Key	so more large industrial espionage
Plain text	This is a Chosen Plaintext Attack!

Encoded text:
START_CUT/COPY_HERE(((((0500FF74084D390C22E6B9B6DE2ACC7 1D5788EE29470C334106FA57410346ADF48B49C300F698628BBD456 7E49D91D1C522F79631F66368C3D445AD0C8DA057ABCB934D40098F 72377E64C716C5EF00B825E056085F1)))))END_CUT / COPY_HERE

The encoded data stream (cipher text) consists of 16 different characters from 0 to F. Therefore an average of one sixteenth of all characters (6.25%) between sample encryption A & B are likely to match anyway. Both data stream as depicted above consist of 170 characters each. A conformity of characters of both encoded data streams of up to 10.625 out of 170 characters (6.25%) would still be within the boundaries of a random probability.

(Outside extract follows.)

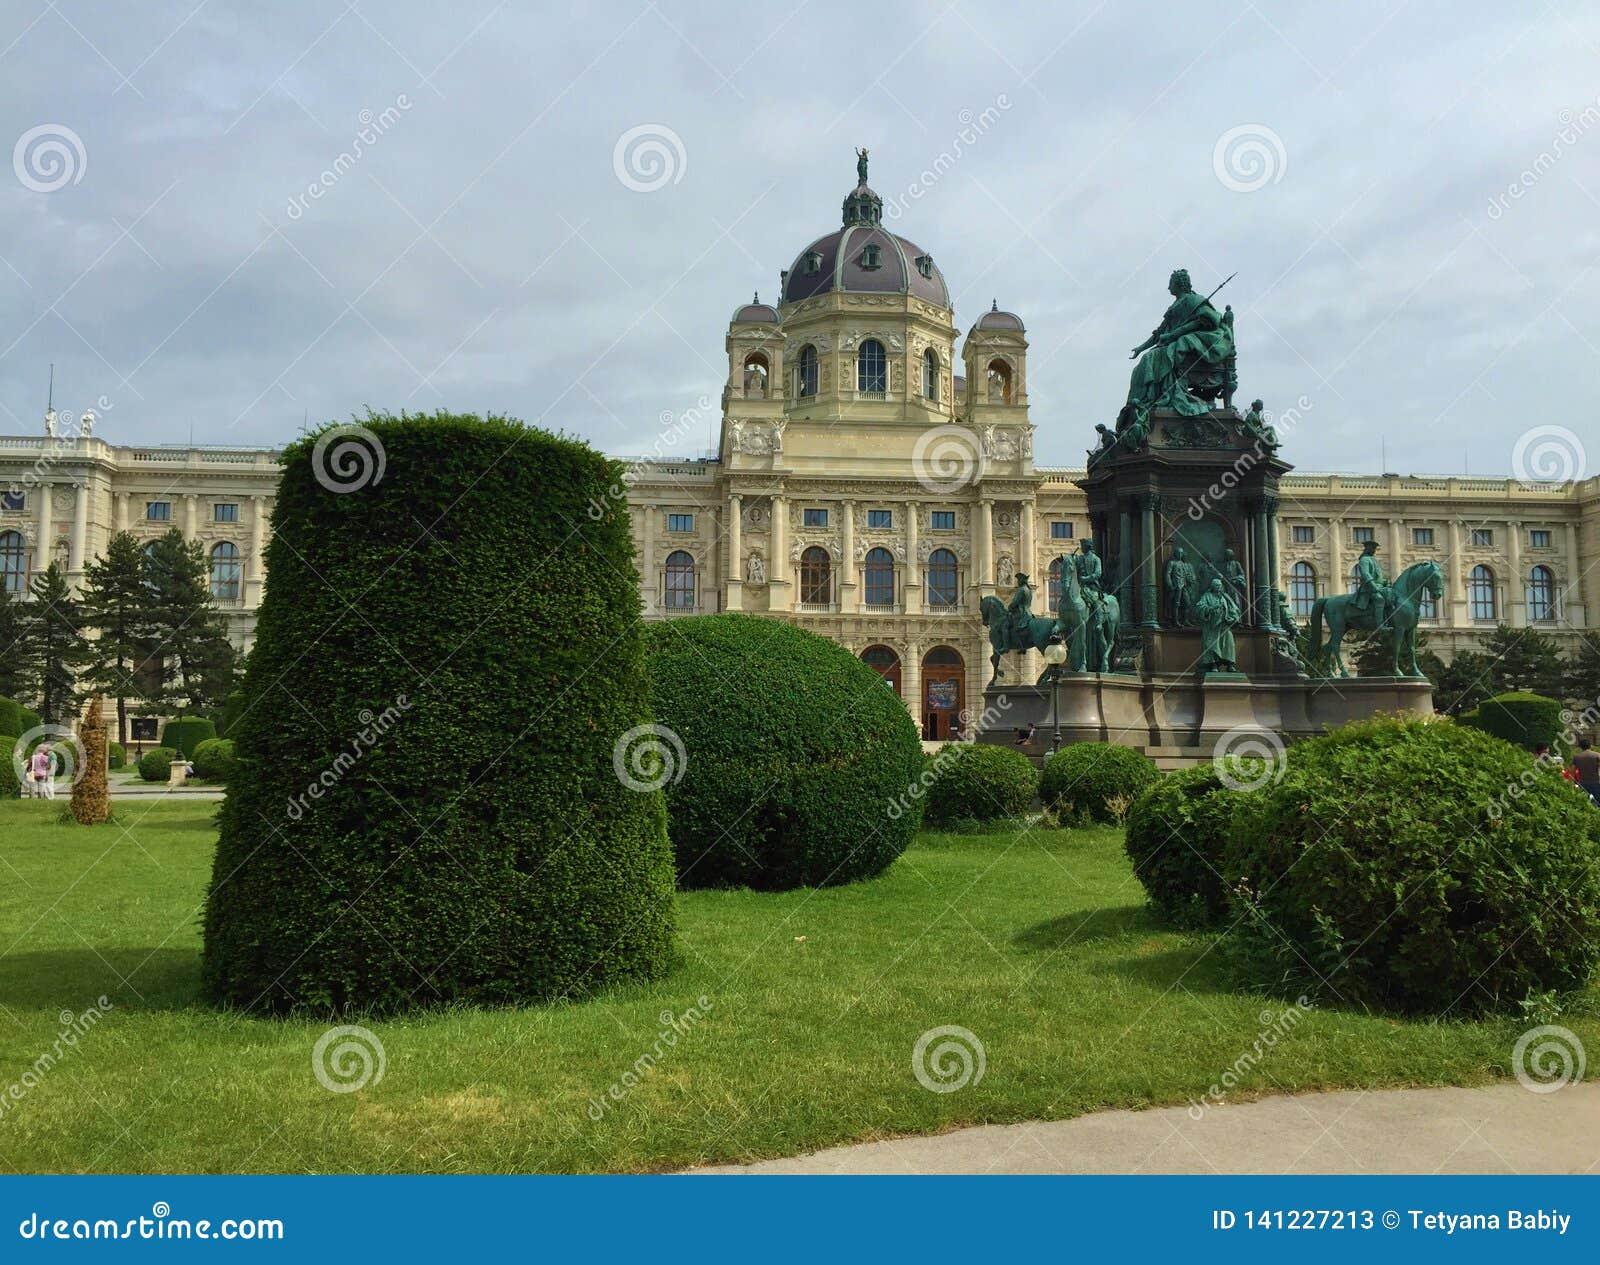 Wien - en av Europa mest besökte städer - Maria Theresa Monument

In this case, however, all characters of both encoded data streams have a conformity of only 11 out of 168 characters (6.5%).

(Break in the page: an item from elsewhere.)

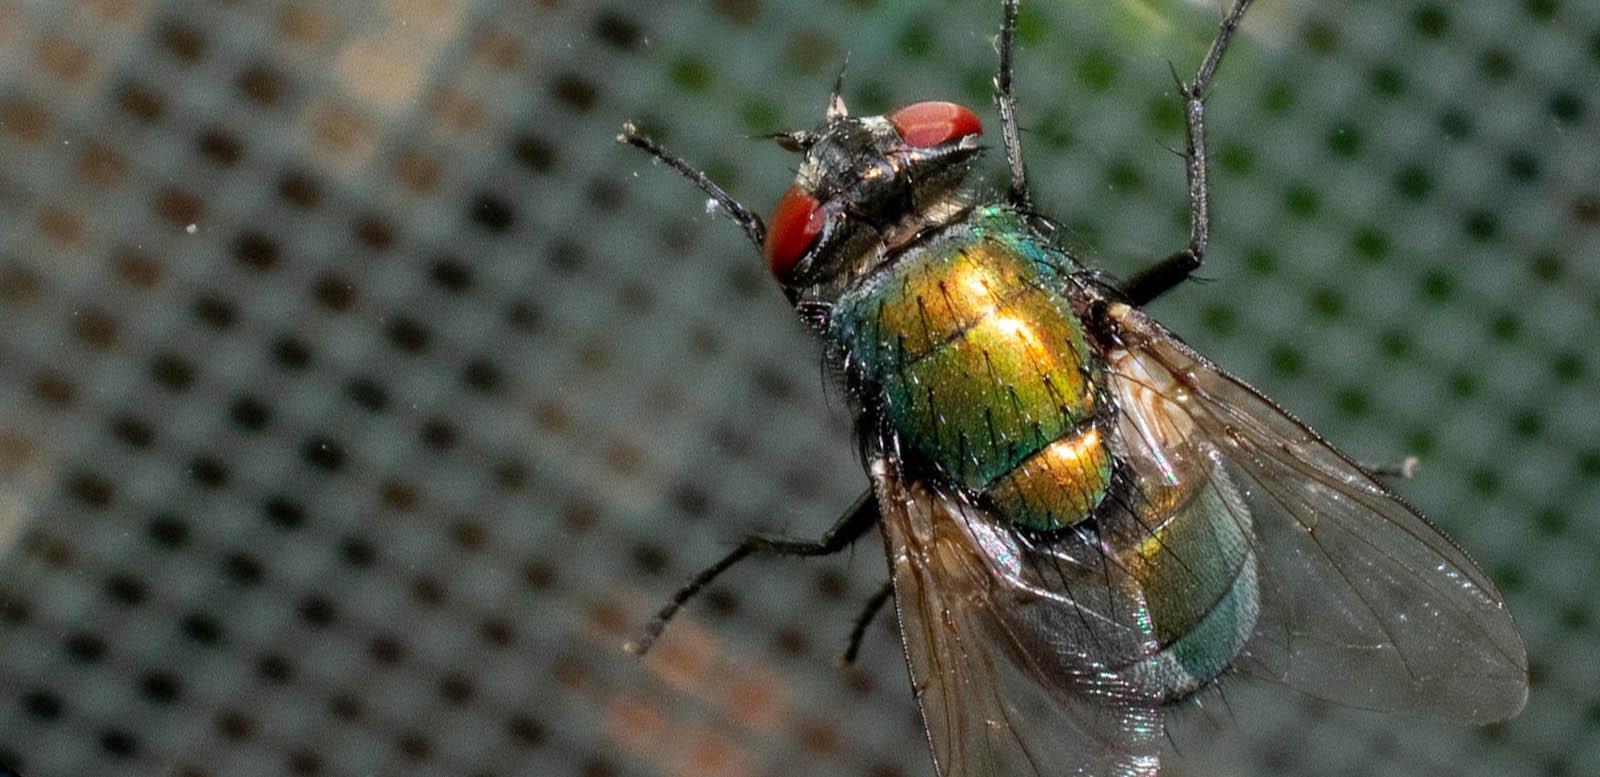 fly pest control in Essex & Suffolk

A conformity of all bits of the two encoded data streams of up to 340 out of 680 bits (50%) would be within the boundaries of a random probability because there is a bit-state probability of 0 and 1. All bits representing encoded characters in this data stream, in this case, have a conformity of 368 out of 672 bits (54.7%). This is nothing more than a fair random result, i.e. no Chosen Plain Text Attack software could gather some crucial information out of this.

ShyFile's max. depth of encryption of 6,144-bit renders 2 to the power of 6,144 possibilities, which means a potential hacker would need to cycle through 33751521821438561184911174488682640477 48245269061354378998711510846650037846741324165030982375991521461354629508635213511 72060726207028052137864298272611904952952097250362148614445522452710018844423313364 63841183659029156587178439044751051570054376203776342097110897640119327918012337424 31335591935963965256787178128676927071102670915735292434877751557451257920743012496 07450177138114756335603617462402313721869876332818900039751245174104362327517860532 58030904248989784343373580020429064399723981629210039686199812017059962040894145649 61314189937345799013611012403308226844529975921427055702069783744472962847044555359 73834352324658581243318792909226969802227356673323935612163123006229898288296485668 39376565747897273836250008772899562390160189852318683176499778475449534897302151083 44853528836713359219844441024401290307061953847602312108701182160272713034206236029 26941969150307534755710471876215776777340159710612862662407760001997614594714449404 63293093653202098729357658867135004032110599475307618336429187822239334863636668860 33751607602502380752432887916214214980515412817950340539071099437378350194821173072 28603598377500903352726158479078471240691411993347222620555343776990543813708613373 37471574548468743992660475775028572280267994135704993835355977695442635432946193561 82101708973662737907113148393068453262295239889771549134494221616994454081134662808 94218636839379204569968733539087852205907225185859091066058115321172389416793465879 84132366957891357781759795220034581173473479726235700321529495539776440692644558284 46934887067105599598720306273052527639602696291671835862984552055649515251359787092 79827857746749297650724851496824627944089261272676160606239233708393590584348466105 01532154221129624066335698266050975882792155955005954460099419877138745992453542401 993667168494168245722096801075794308992327588609520244453197182140416 possible key entries in order to crack a ShyFile. That is a figure with 1,850 digits.